Any updates on this ? We have this as a major problem.

This is completely normal behaviour. Primaries and replicas contain the same documents but do not necessarily index them into exactly the same segments. Why is it a major problem?

Thanks for your reply David.

I had highlighted this as major problem, because:
We connect to the coordinating nodes with our client. When we fire a query, coordinating node sends it to each of data node in round robin fashion, our application receives inconsistent results.
Hit 1: Match
Hit 2: No Match
Hit 3: Match
Hit 4: No match
and on and on...

Above could be in any sequence :frowning:

Having different segments is completely Ok. But the results returned by each time the query hits ES should be same. Its more or less primary not in sync with its replicas.

That sounds strange. What is the query?

In the mean time, we figured out something.
We are using a termset query on a field which is having synonym filter.

We noticed that when we query one node using preferences, we always get a result.
Whereas, when we query to another node using preferences, we always do not get a result.

Our synonym file did change a while ago, but we did not to reindexing.
In past we had noticed that if we restart ES after updating synonym file, it did reflect changes in ES, we did not had to reindex.

Is not-indexing after synonym change, causing a problem with inconsistent results ?

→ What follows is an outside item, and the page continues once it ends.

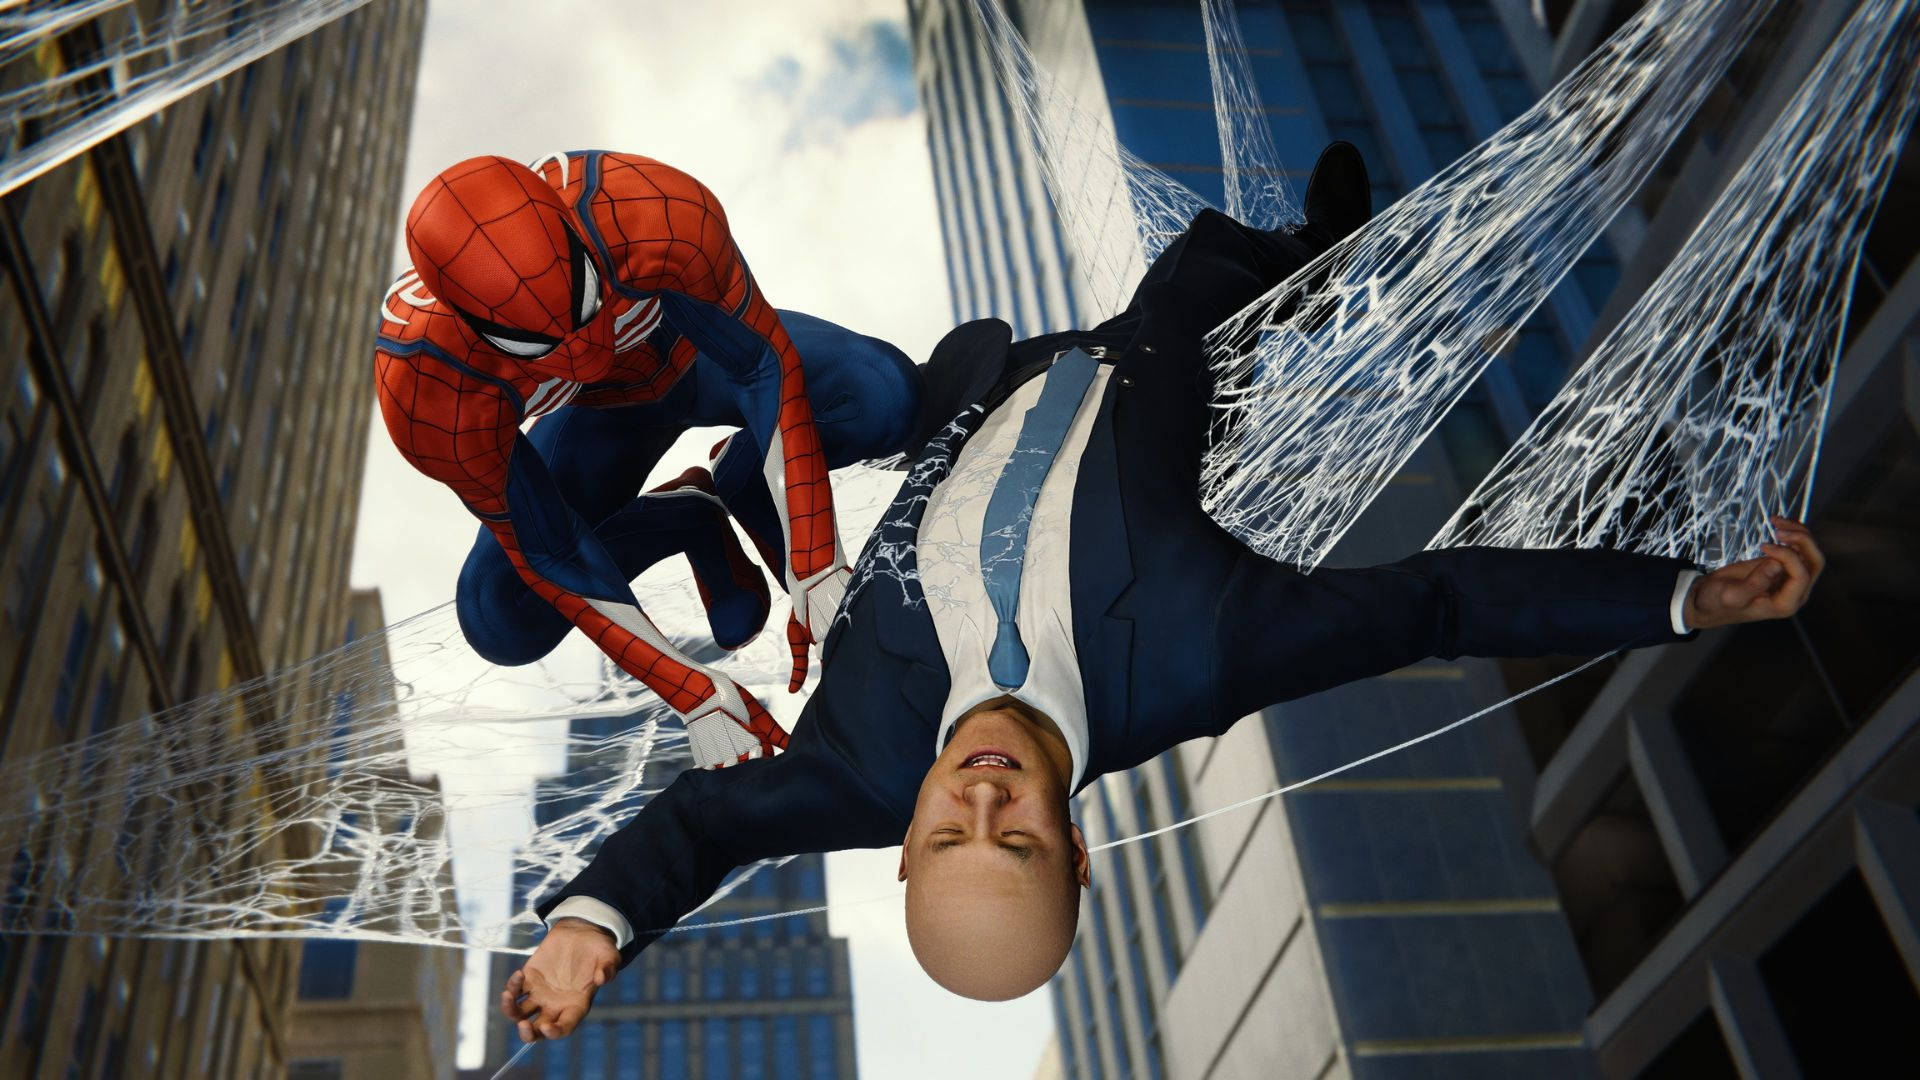 4k Spiderman Saving A Man Background

A good thought. Yes, inconsistent synonyms files can indeed result in inconsistent search results. Elasticsearch will use the current synonym file for searches and for indexing new documents but will not re-index any old documents, and this can leave your index in a very strange state. I think reindexing would be wise.

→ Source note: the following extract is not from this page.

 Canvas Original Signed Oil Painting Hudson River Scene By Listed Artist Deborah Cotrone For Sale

Re-indexing has solved the issue related to synonym. I will keep a watch on this though.
Appreciate your response time. Thanks :slight_smile:

1 Like

This topic was automatically closed 28 days after the last reply. New replies are no longer allowed.